Also tests and code are independent while you always affect both sides in double-entry always. Audits exist for a reason.
I don’t quite agree with that reasoning, however, because a test that fails to test the property it should test for is a very different kind of error than having an error in the implementation of that property. You don’t have to make the “same” error on both sides for an error to remain unnoticed. Compared to bookkeeping, a single random error in either the tests or the implementation is more likely to remain unnoticed.
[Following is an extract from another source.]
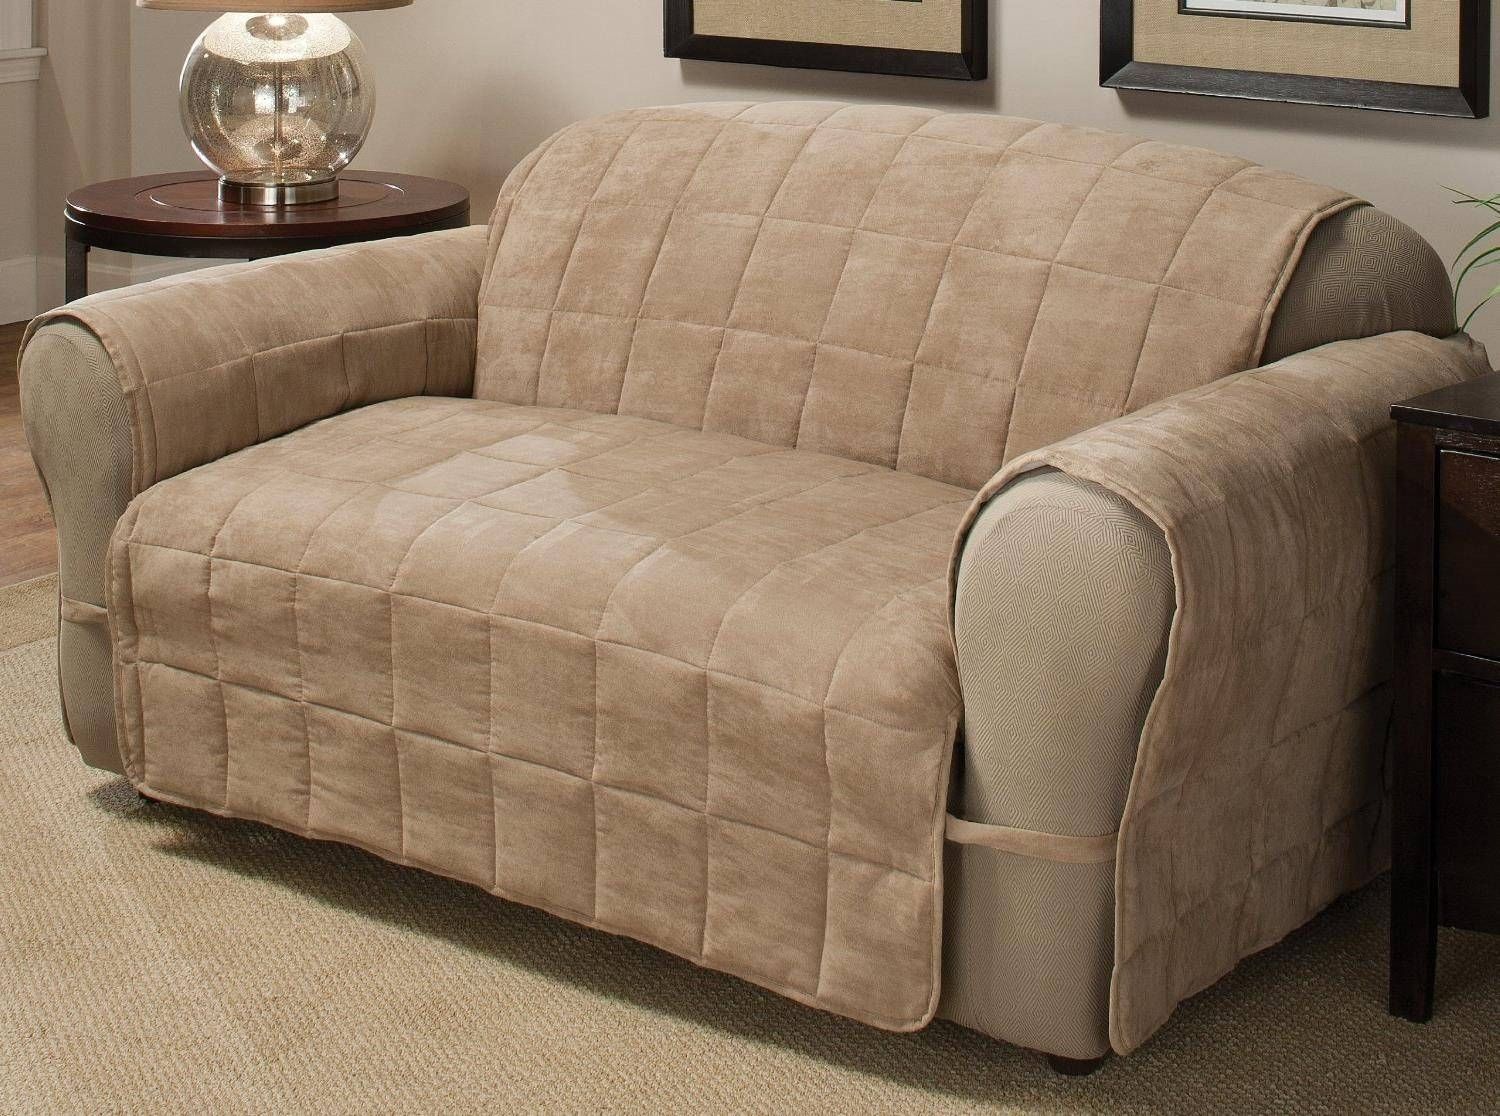 Modren Couch Covers Canada Of Sofas Centermarys Custom Made Sofa Within Slipcover For Leather Sectional Sofas 
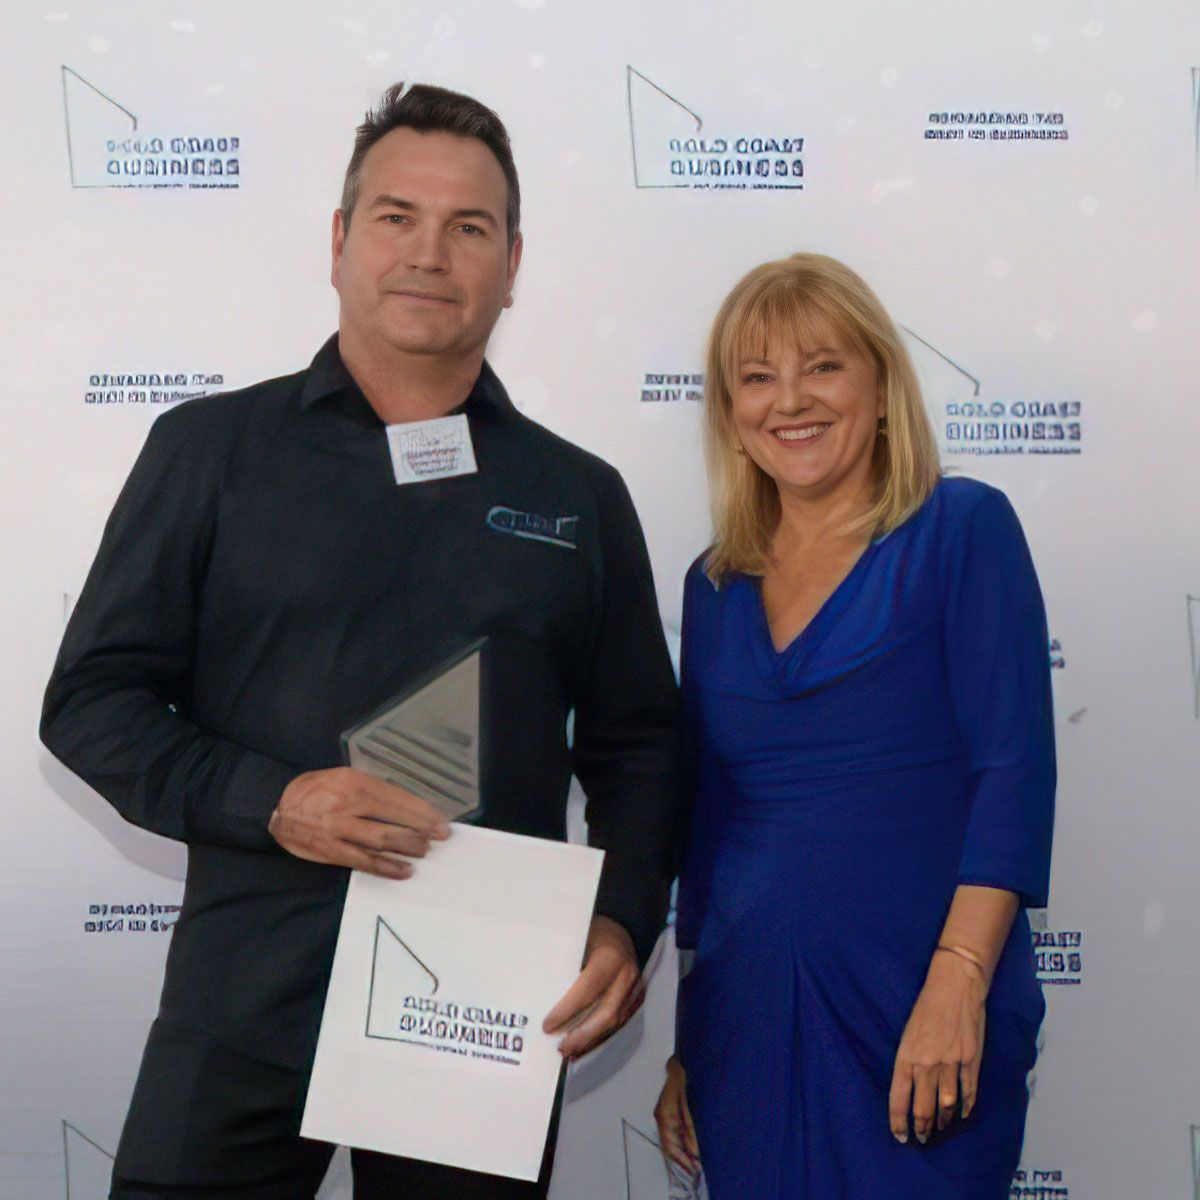 Brad accepting the Gold Coast Business Award for Marine Air Flow

Yeah but it's very different from tests vrs code though, right? Every entry has two sides at least and you do it together, they are not independent like test and code.
You can easily make a mistake if you write a wrong entry and it will still balance. Balanced books =/= accurate books is my point. And there is no difference between "code" and "tests" in double entry, it's all just "code".
So it seems like the person who made the metaphor doesn't really know how double-entry works or took maybe one accounting class.
The point of the current thread is that the use of AI coding agents threatens to disrupt that. For example, they could observe a true positive test failure and opt to modify the test to ensure a pass instead.
Naturally. Hence "high confidence" and not "full confidence". But let's not travel too far into the weeds here. Getting us back on track, what about the concept of "high confidence" is not understandable?
But if you only fill out one side of the ledger, so to speak, an LLM will happily invent something that ensures that it is balanced, even where your side of the entry is completely wrong. So while this type of development is an improvement over blindly trusting an arbitrary prompt without any checks and balances, it doesn't really get us to truly verifying the code to the same degree we were able to achieve before. This remains an unsolved problem.